The salty harbor air caresses against my skin, lifting along my neck, weaving through my hair. I press my shoulders back, push my hands deeper into my pockets, and clench my fingers against the fabric. A useless attempt to keep my hands from shaking. Any minute now, my mother will show up—with Blake. I shift my weight from one foot to the other, restless, my pulse stuttering between panic and excitement. I’m officially meeting my little sister. Only the second time I’ll be seeing her, and yet it feels like I’ve been waiting for this moment forever.
I’m surprised my mother didn’t put up a fight when I asked to see her alone today. No prying, no guilt, just a simple yes. It’s a rare thing, and I’m letting myself appreciate it. This morning, I found myself back in front of the house, like muscle memory had pulled me back there. Blake wasn’t home. She had dance class. Maybe that was for the best—I wasn’t ready to step inside yet. So, I picked somewhere else to meet, somewhere that didn’t come with memories tucked into every corner. I may not know how to hold all this at once, but I do know one thing—right now, Blake is what matters.
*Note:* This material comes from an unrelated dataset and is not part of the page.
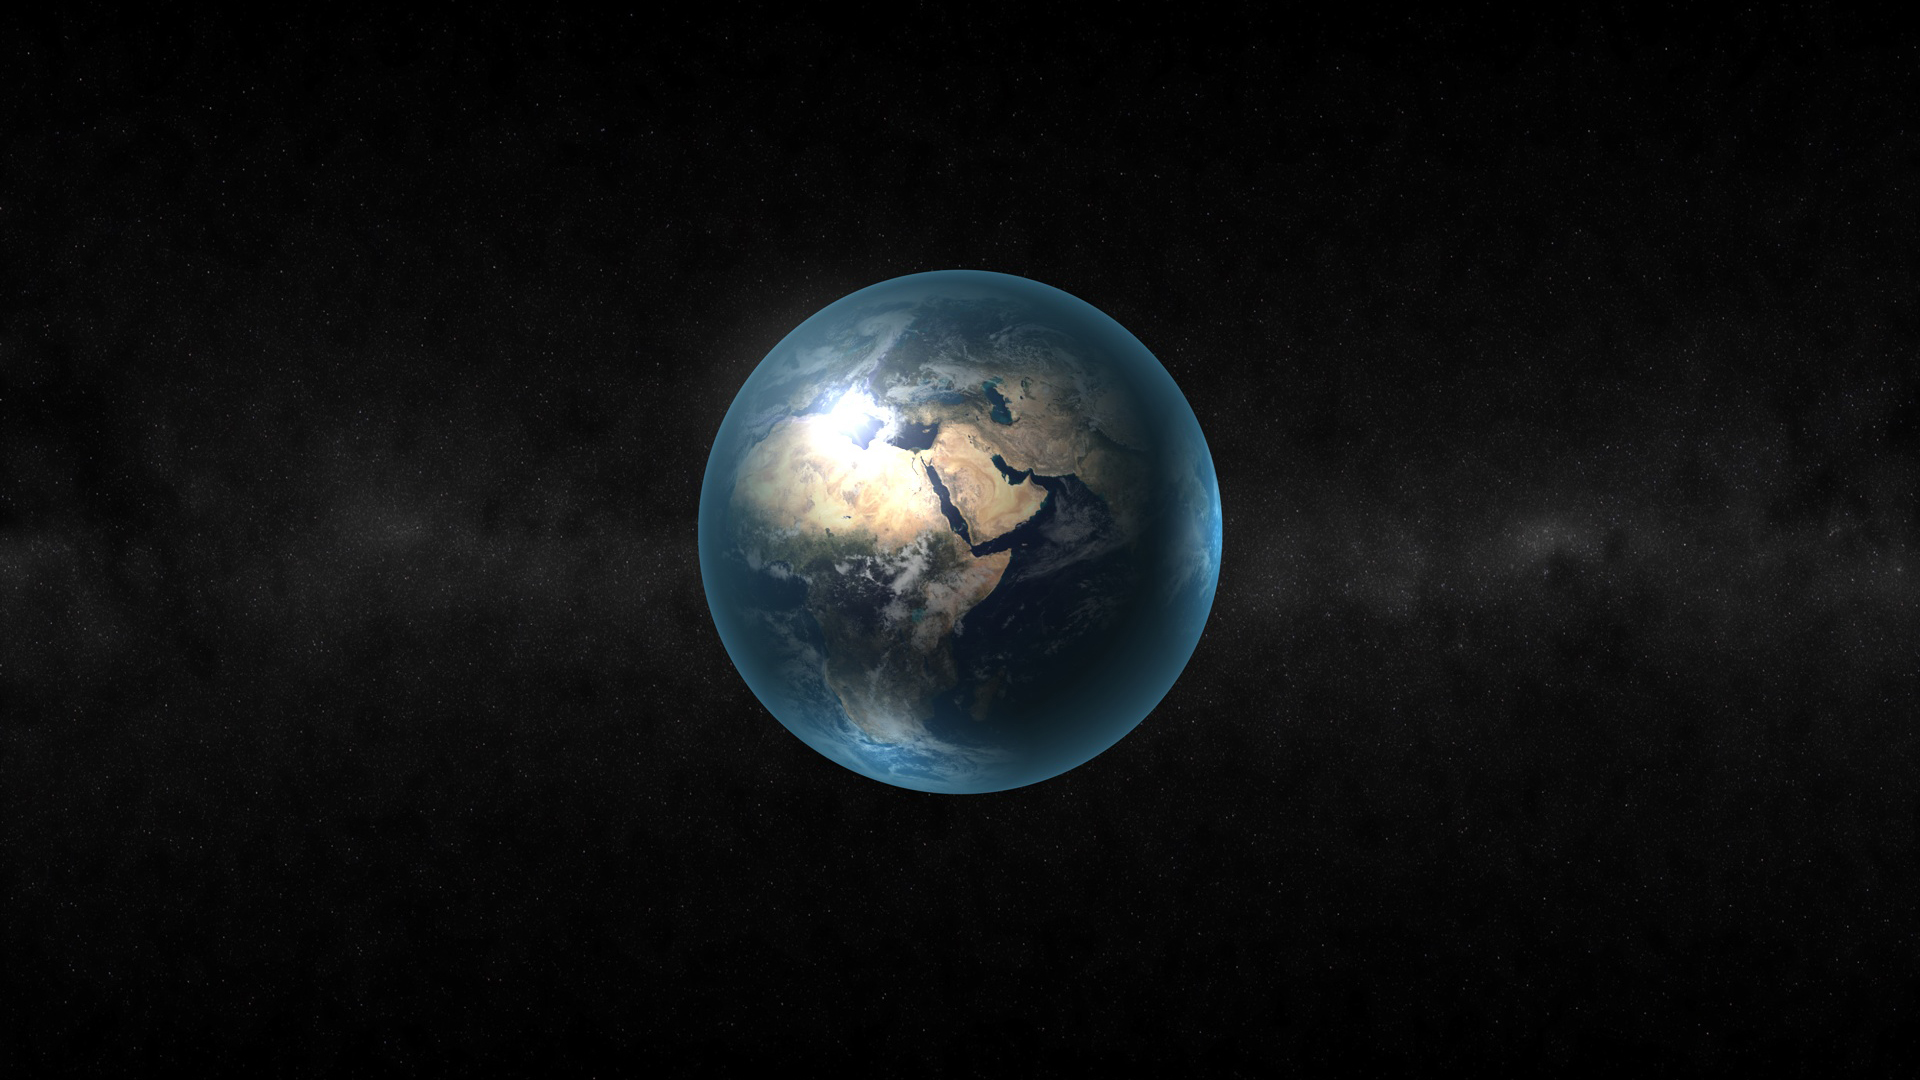 outer space, stars, planets, Earth, north, continents, Africa - desktop wallpaper

A small, nondescript sedan rolls to a stop, its faded blue paint catching the afternoon light. It’s the kind of car you buy when reliability matters more than sentiment. I’d recognize that grip on the steering wheel anywhere—firm, precise, hands at ten and two. Unmistakable. My mother. Even before she stops out, before she moves to help Blake from the back seat, I know. It’s her.
Blake barely pauses before closing the door, and when her gaze lifts, it snags on mine. The resemblance to Beckett is undeniable—like someone copied and pasted his features onto a smaller frame, dark hair just as unruly, storm-colored eyes just as wide and sharp. It’s like looking at a crossroads between timelines, and I’m not sure which one she belongs to.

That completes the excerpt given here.